Start as mama879 says,then take 2 balls of commercial yarn in different colours and ply them together( if they are already plied, you will be able to ply again spinning clockwise) - this will help you see the 'process' of the twist being applied. Then begin with some fibre - fairly coarse, like Jacob or corriedale, as that is less slippery. I don't recommend my students begin with merino as this is very fine and rather unforgiving and slippery. A good book is 'How to spin just about anything' by Janet Renouf Miller (£10) available from Janet. If you are on Facebook, you will find her in the 'Create with fibre' Group.


----------



## amoamarone (Feb 21, 2015)

1kittie1 said:


> It is set up, I tried taking it to a group but there was so much going on I couldn't concentrate. I have a problem with vertigo and lots of activity around me agrivates it. So I think I may have to figure out much of it on my own.
> ,


Maybe one of the members of the group would come spin with you and give you pointers.


----------



## LindaKS (Aug 1, 2018)

I learned at my local Historical Society ! Other places are State and County Fairs, Fleece Fairs and sometimes there are local groups or Guilds you might join.
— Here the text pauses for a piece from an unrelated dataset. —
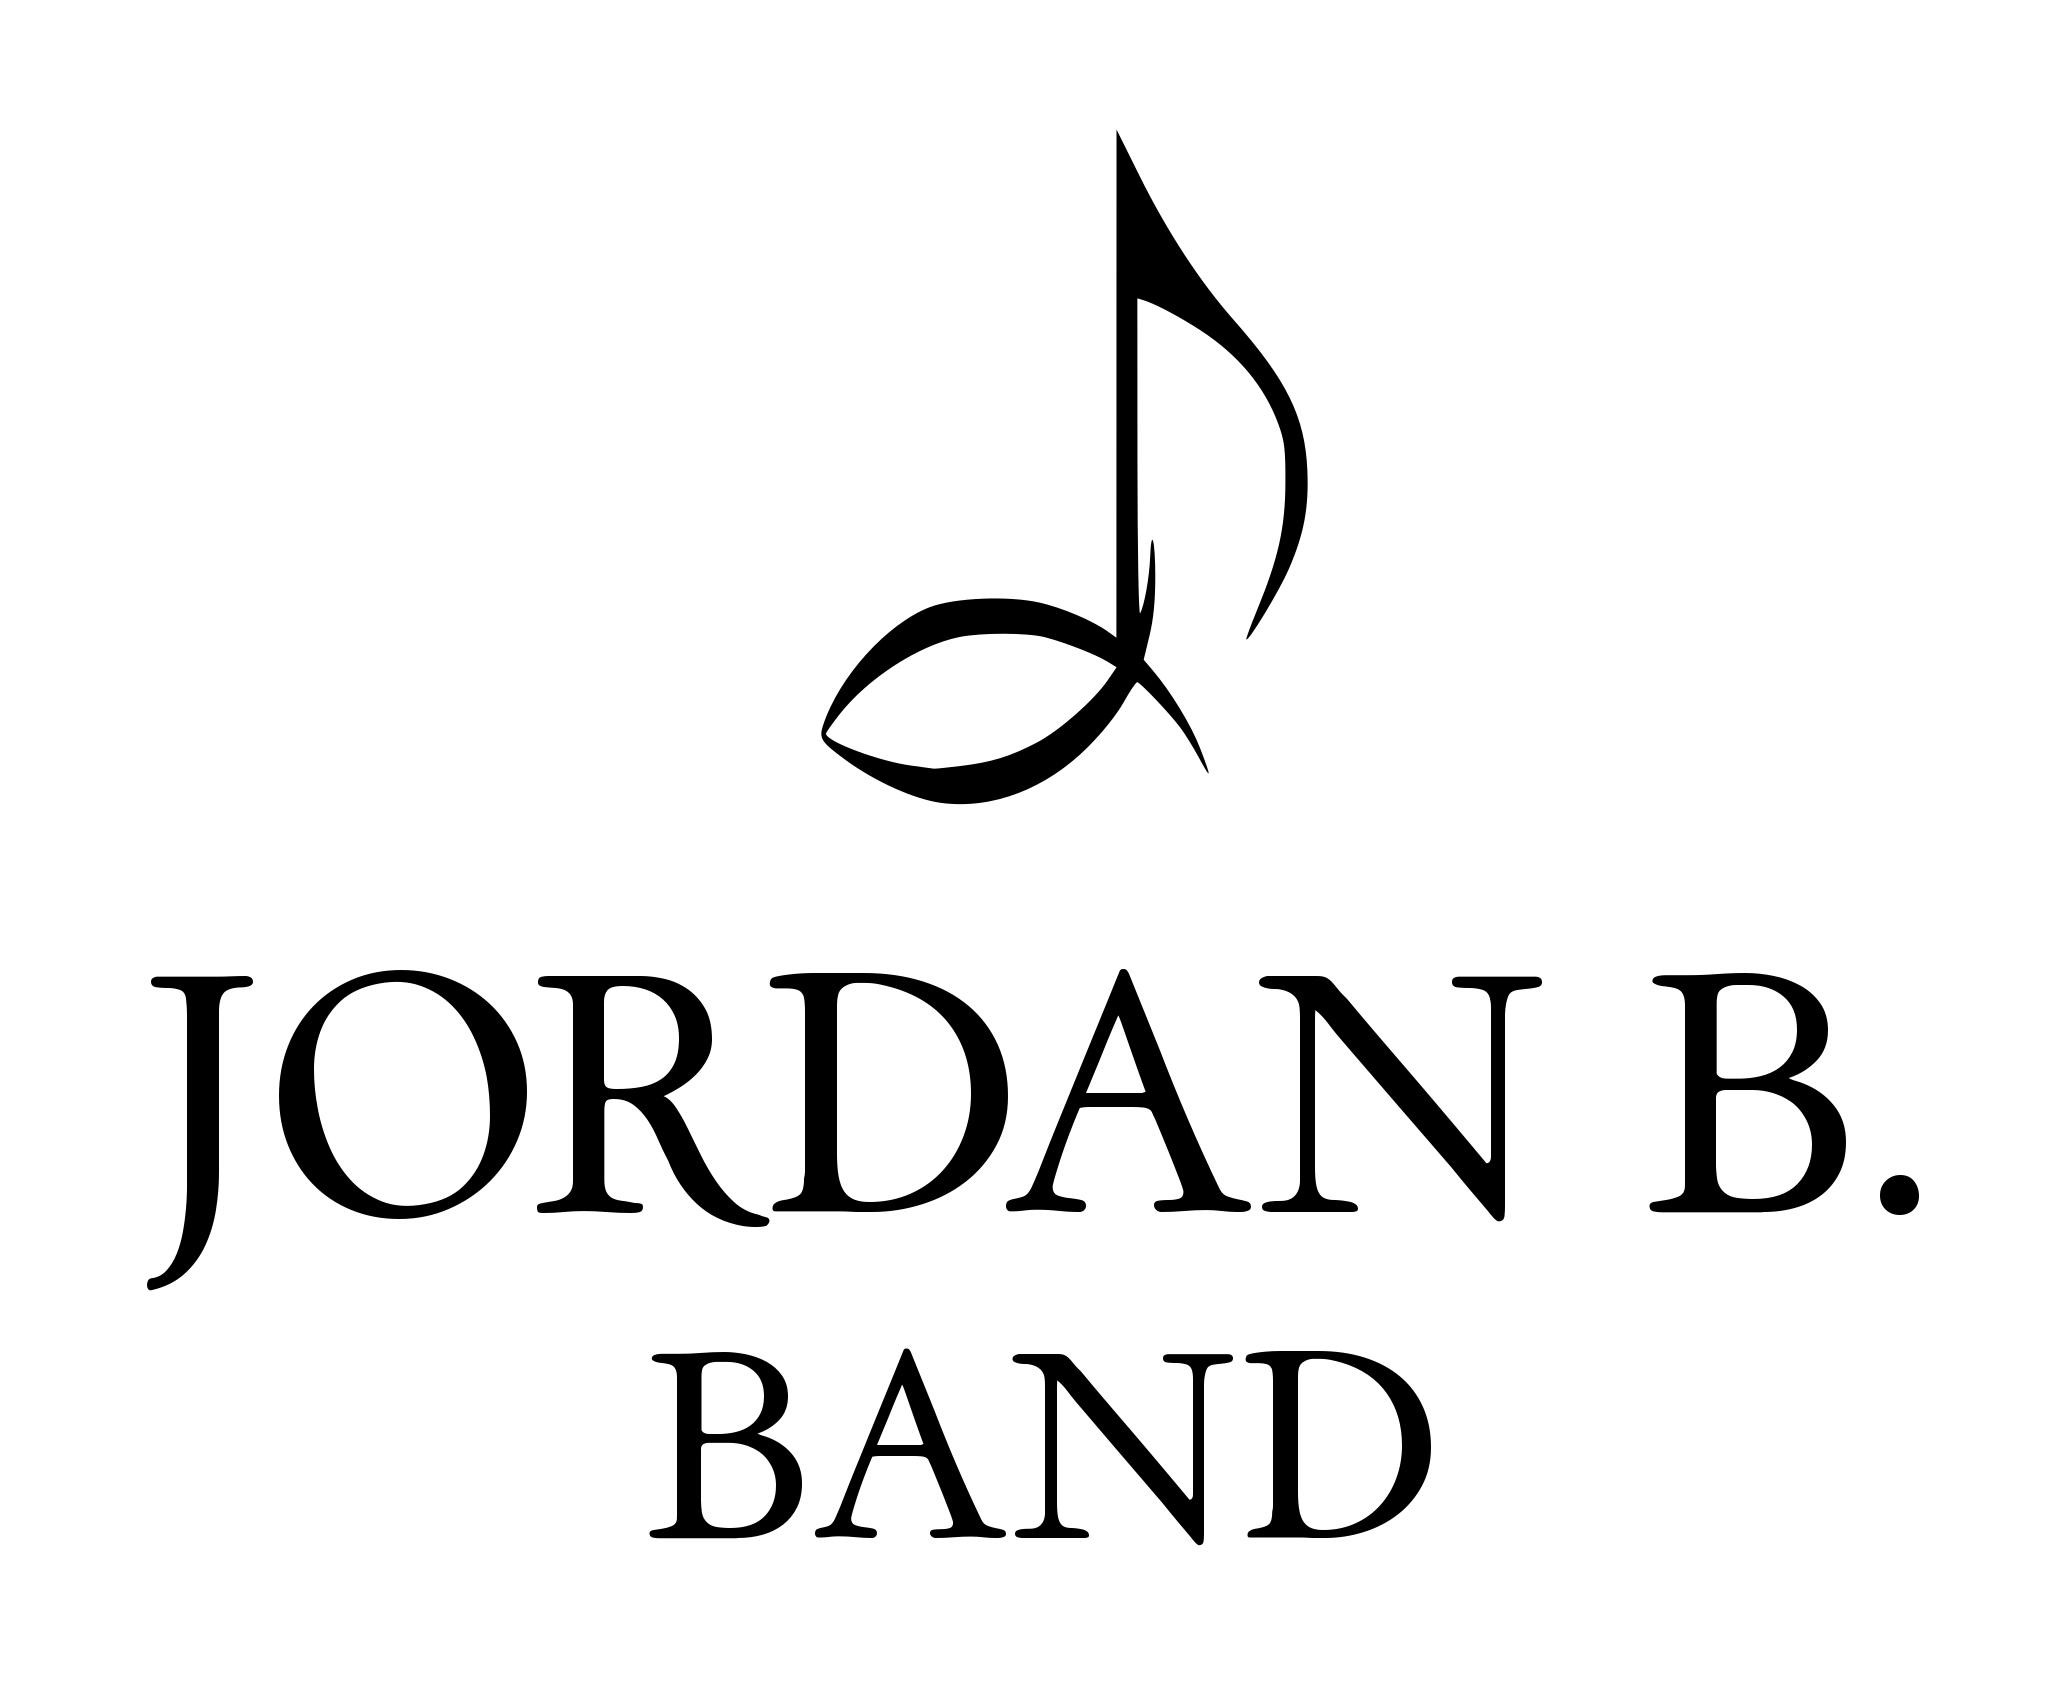 Jordan B. Band logo

Good Luck - spinning is fun and relaxing. I spin when I need to "unwind" - My husband thinks that is hilarious!


----------



## desireeross (Jun 2, 2013)

I’m completely self taught and far from a guild so learning was entirely up to me. I invested in Craftsy and Interweave courses and learned all I know there. YouTube was hit and miss as there is a lot of junk between the good stuff. The problem as a new spinner doesn’t know which video is good and which isn’t. That’s why I decided to invest in online courses and have never regretted it


----------